This page discusses some general concepts of ESMA 3102.
In ESMA 3101 (3015) we were mainly concerned with answering questions about one variable at a time. We considered problems like these:
What is the average height of men in Puerto Rico? (Find the mean or median, or draw a histogram or boxplot, or find a confidence interval)
Are men in Puerto Rico on average taller than 5’10’’? (do a hypothesis test)
Has the average income in Puerto Rico gone up in the last ten years? (hypothesis test)
In ESMA 3102 we are going to study two (or more) variables simultaneously, and we are really interested in their relationships:
Is the average height of men in Puerto Rico different from men in the USA and from men in Europe?
How does the average height of men relate to things like their economic status (income), their race, their diet, et.
How does the average income in Puerto Rico depend on the economic policies of the Government?
We categorize variables as follows:
data is numeric, and arithmetic makes sense (adding, multiplying etc.)
Examples:
Yearly income of a family in Puerto Rico
Temperature in Mayaguez at 12 Noon
Amount paid for the phone bill
everything else
Examples:
A students major
in an experiment to grow wheat three different fertilizers were labeled 1,2 and 3
Your student id number
Note: often whether a variable is categorical or quantitative depends on how (and how precisely) it is measured.
Example Our variable is “rain yesterday”
Did it rain at all yesterday? “Yes” or “No” → categorical
We put a cup outside. The cup has marks for each cubic inch of rain. Our data is the number of cubic inches. Values will be 0, 0.1, 0. 2 etc. → quantitiative
Categorical data comes in one of two versions - ordered or unordered:
Examples
grades in a course: A, B, C, D, W - ordered
gender: Male, Female - unordered
Treatments in a clinical trial: A, B, C - unordered
Treatments in a clinical trial: 1, 2, 3 - unordered
blood pressure: low medium high - ordered
directions: north east south west - unordered
One consequence of having an ordering is that it should be used in graphs, tables etc.

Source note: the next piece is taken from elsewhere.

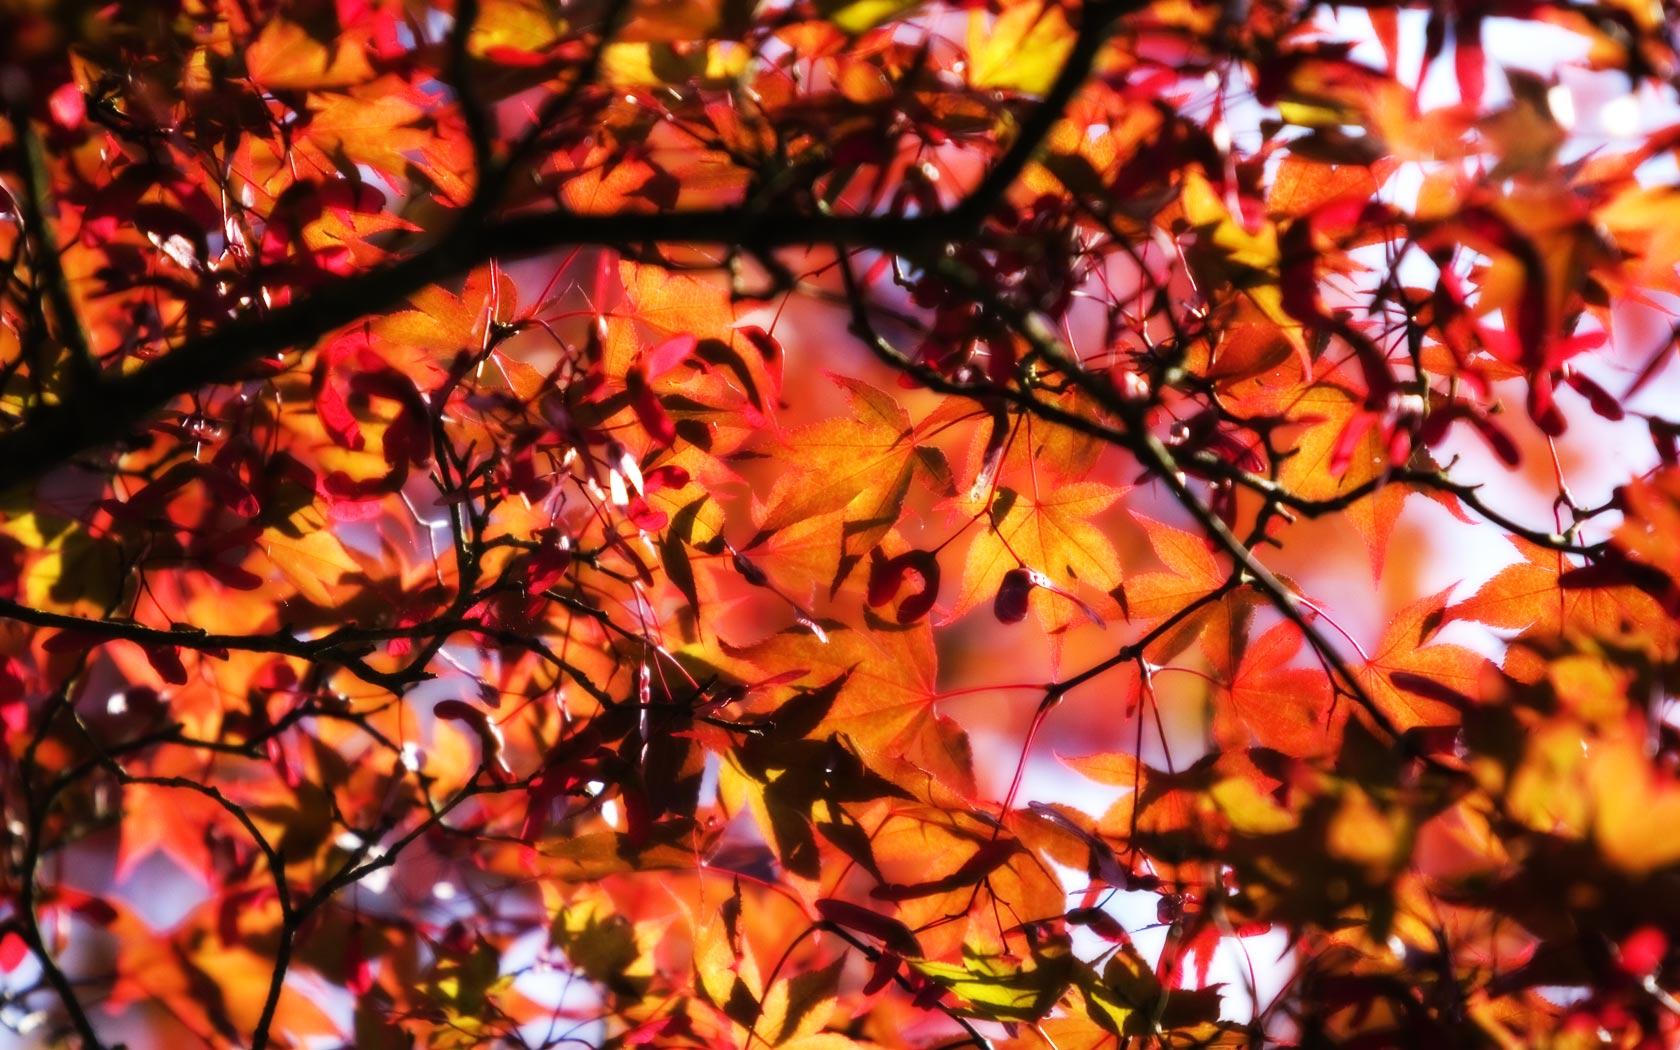 Fall Leaves Wallpapers for Desktop wallpaper wallpaper hd 1680x1050

Recognizing what the type of your data is has to be the first thing you do with any data set. It will determine everything that you do later. Getting this wrong likely means anything you do is wrong.
For more on data types see page 32 of the textbook.
It is often useful to think of the problems we discuss in this class as trying to use one (or more) variables to predict another
Predictor | Response |
---|---|
Gender | Grade in Course |
Gender | Income |
GPA in high school, points on college | GPA after the freshmen year in college |
Whether fertilizer was used or not | Yield of crop |
Size of lot, size of house, number of bedrooms, quality of neighborhood | Price of House |
Depending on the type of data we need to use different methods of analysis. Here is a table to help with this:
Predictor(s) | Response | Method |
---|---|---|
Categorical | Categorical | Categorical Data Analysis |
All Categorical | Categorical | ANOVA |
At least one quantitative | Quantitative | Correlation and Regression |
This table maybe the most important item for you to learn - understand - memorize - use. Without it you can not pass this class, or do Statistics in real live!